> [Task requirements]
Set down all of the data that follows word for word, without the images.

** Opening Data section block **

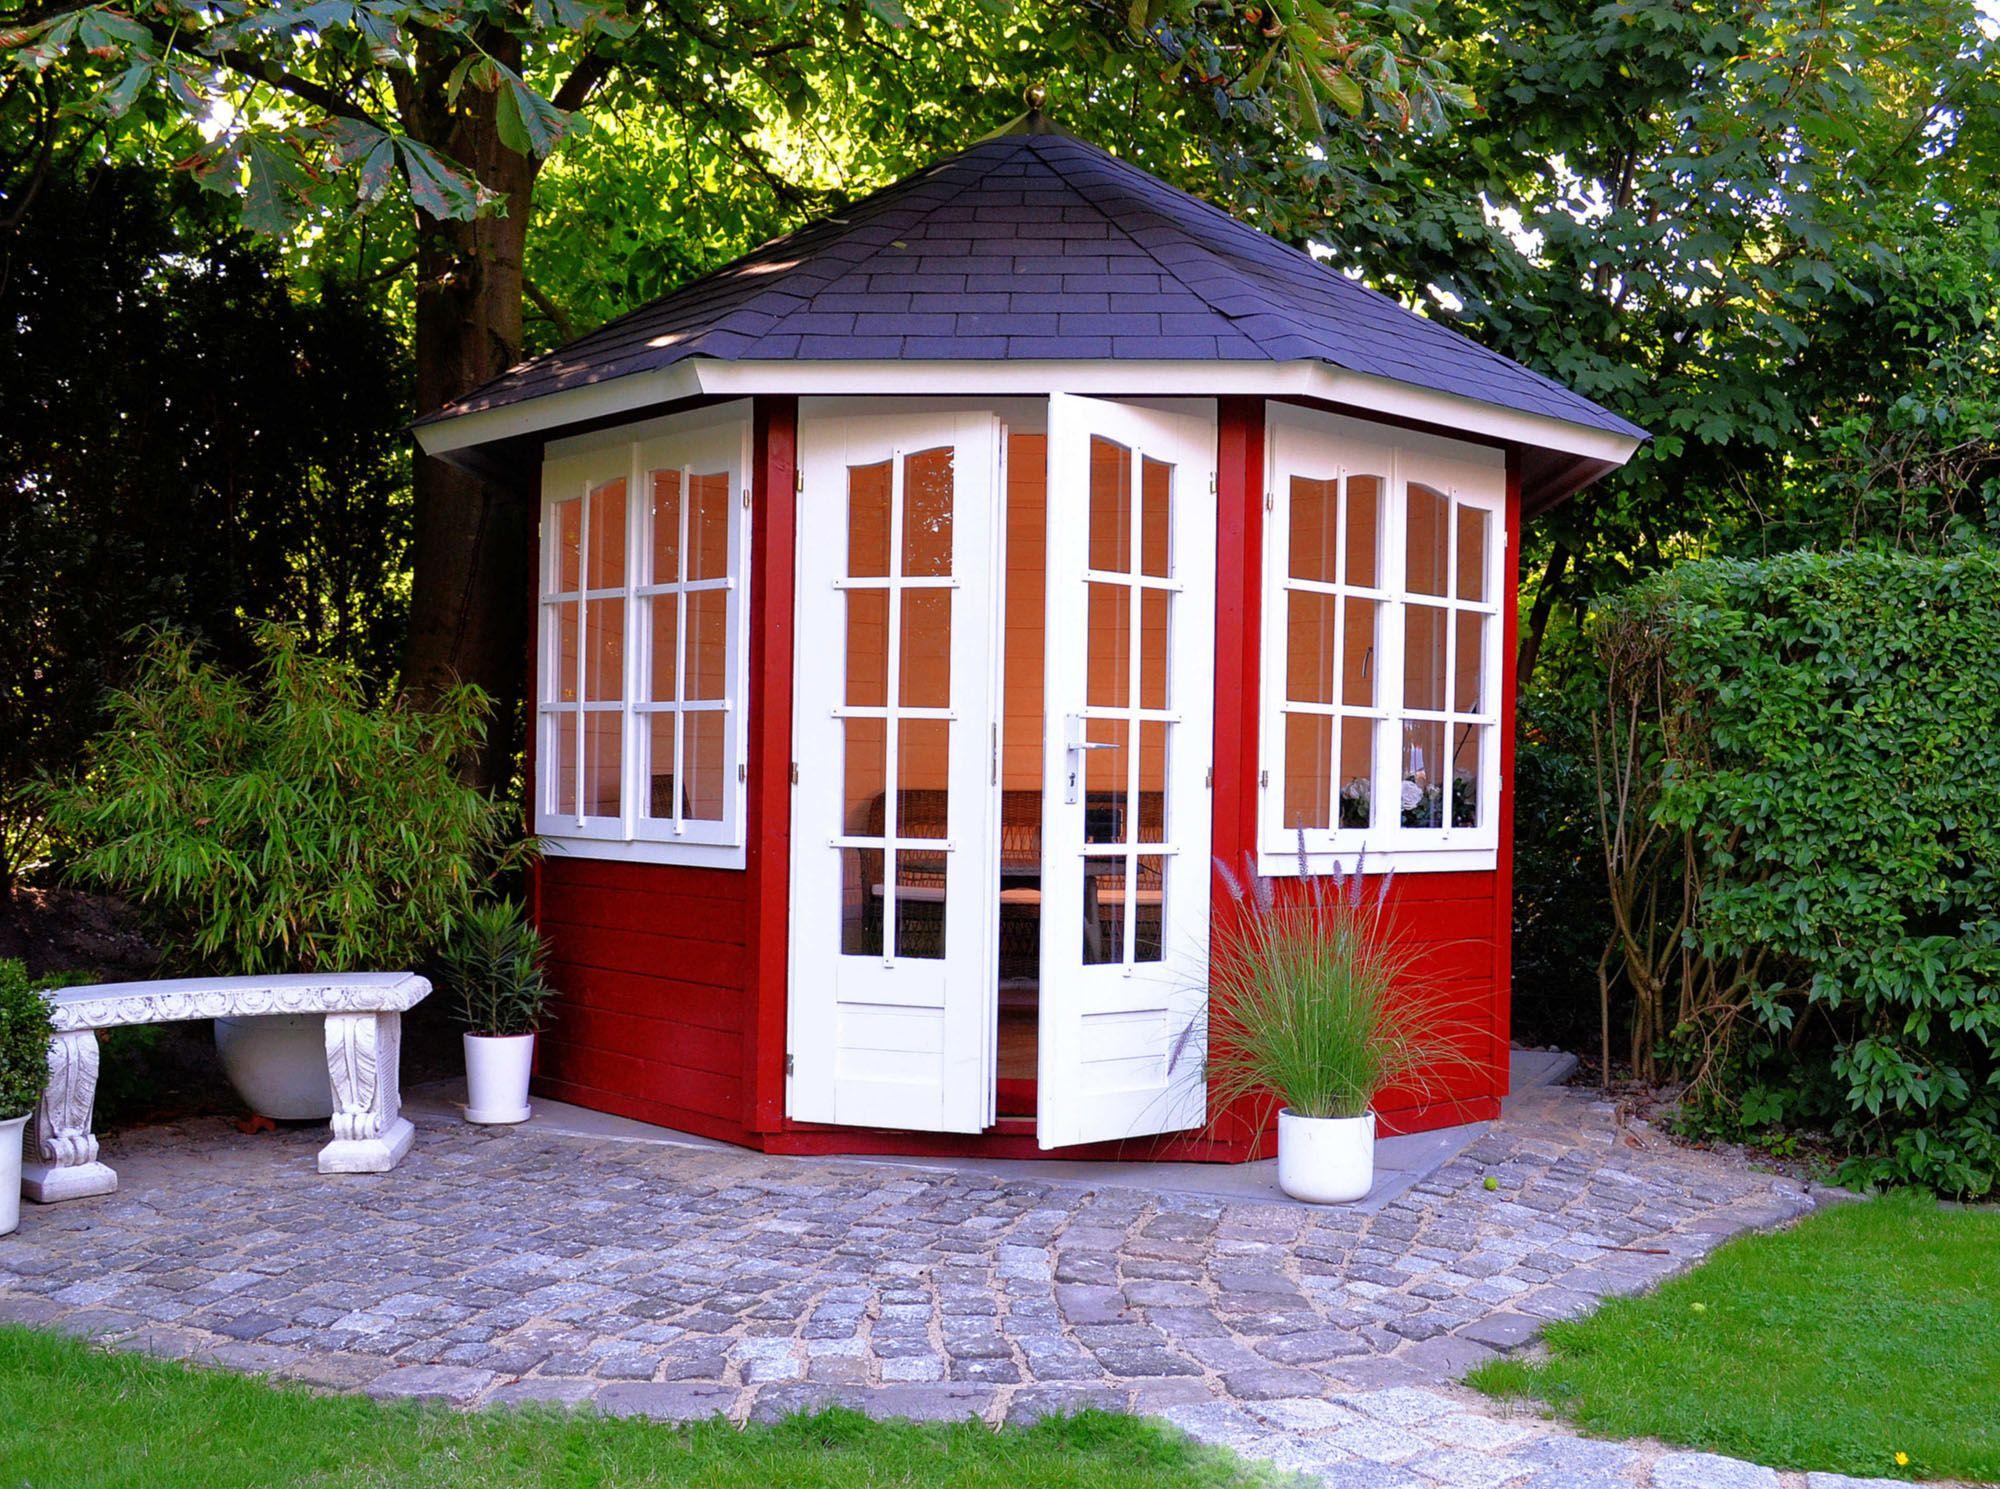 Palmako Gartenpavillon Veronica4 6,7 m² PAP2829291
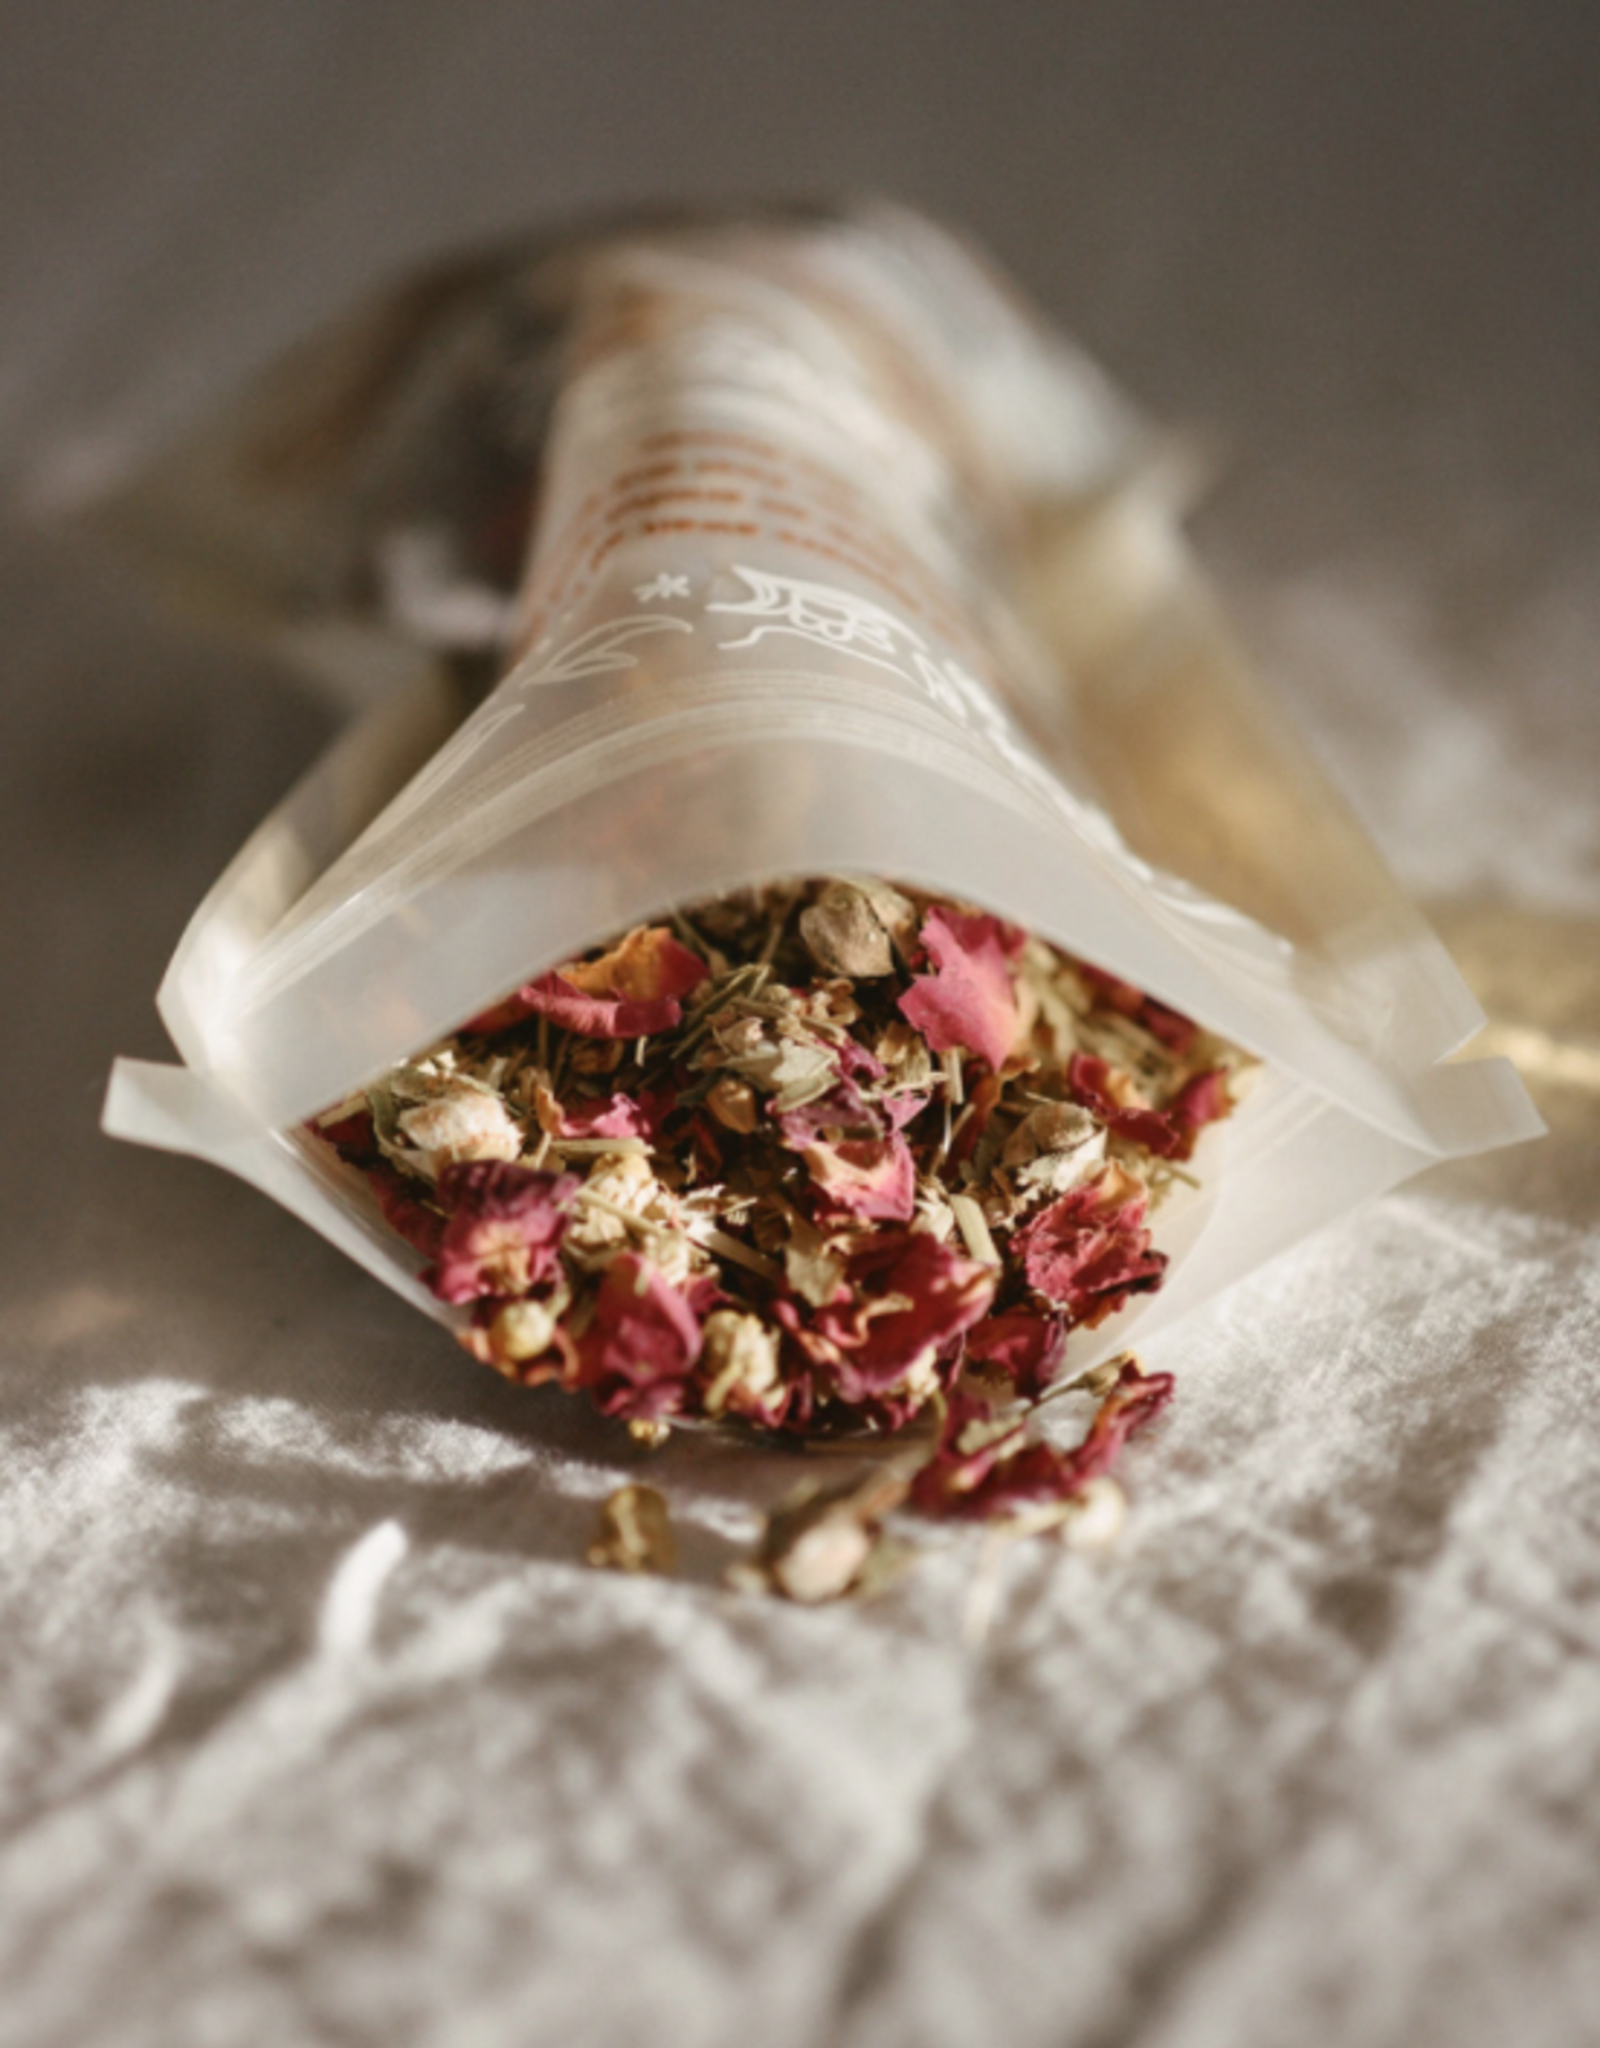 Wooden Spoon Herbs Country Women Tea
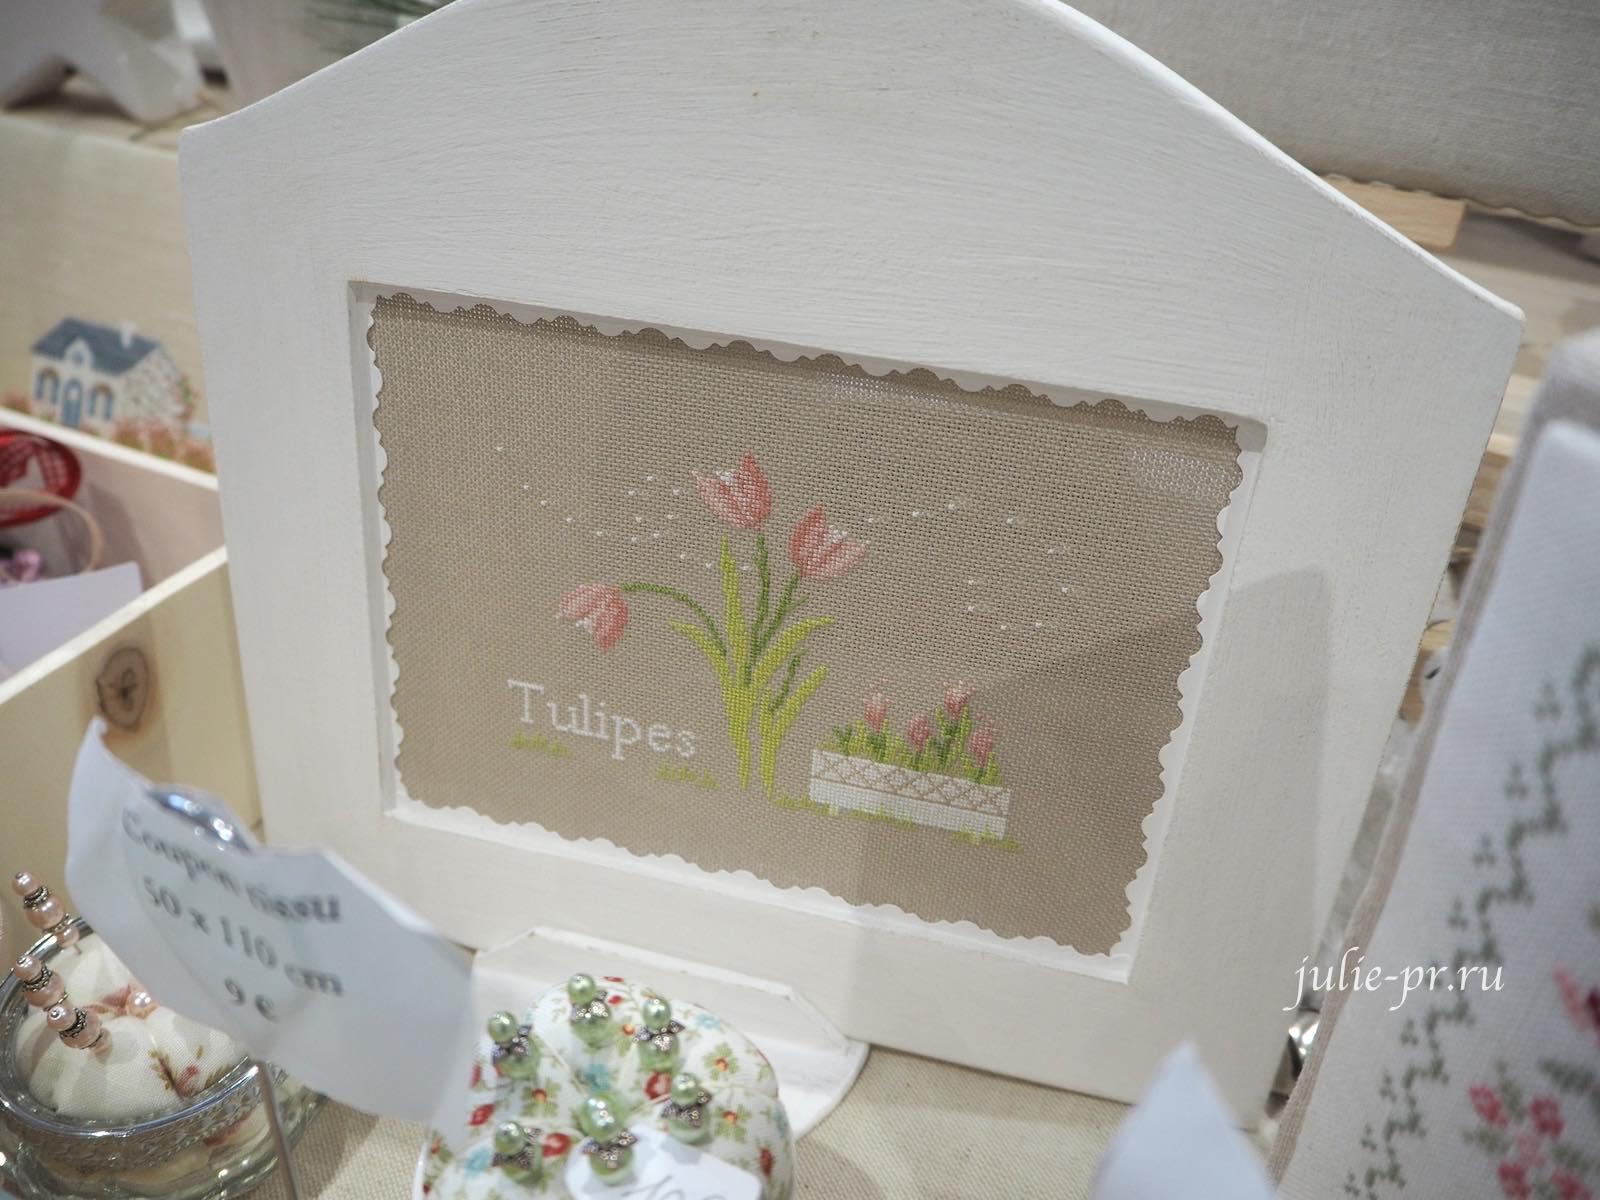 Jennifer Lentini, Tulipes, тюльпаны, вышивка крестом

** Closing Data section block **

> [Written answer]
 Palmako Gartenpavillon Veronica4 6,7 m² PAP2829291
 Wooden Spoon Herbs Country Women Tea
 Jennifer Lentini, Tulipes, тюльпаны, вышивка крестом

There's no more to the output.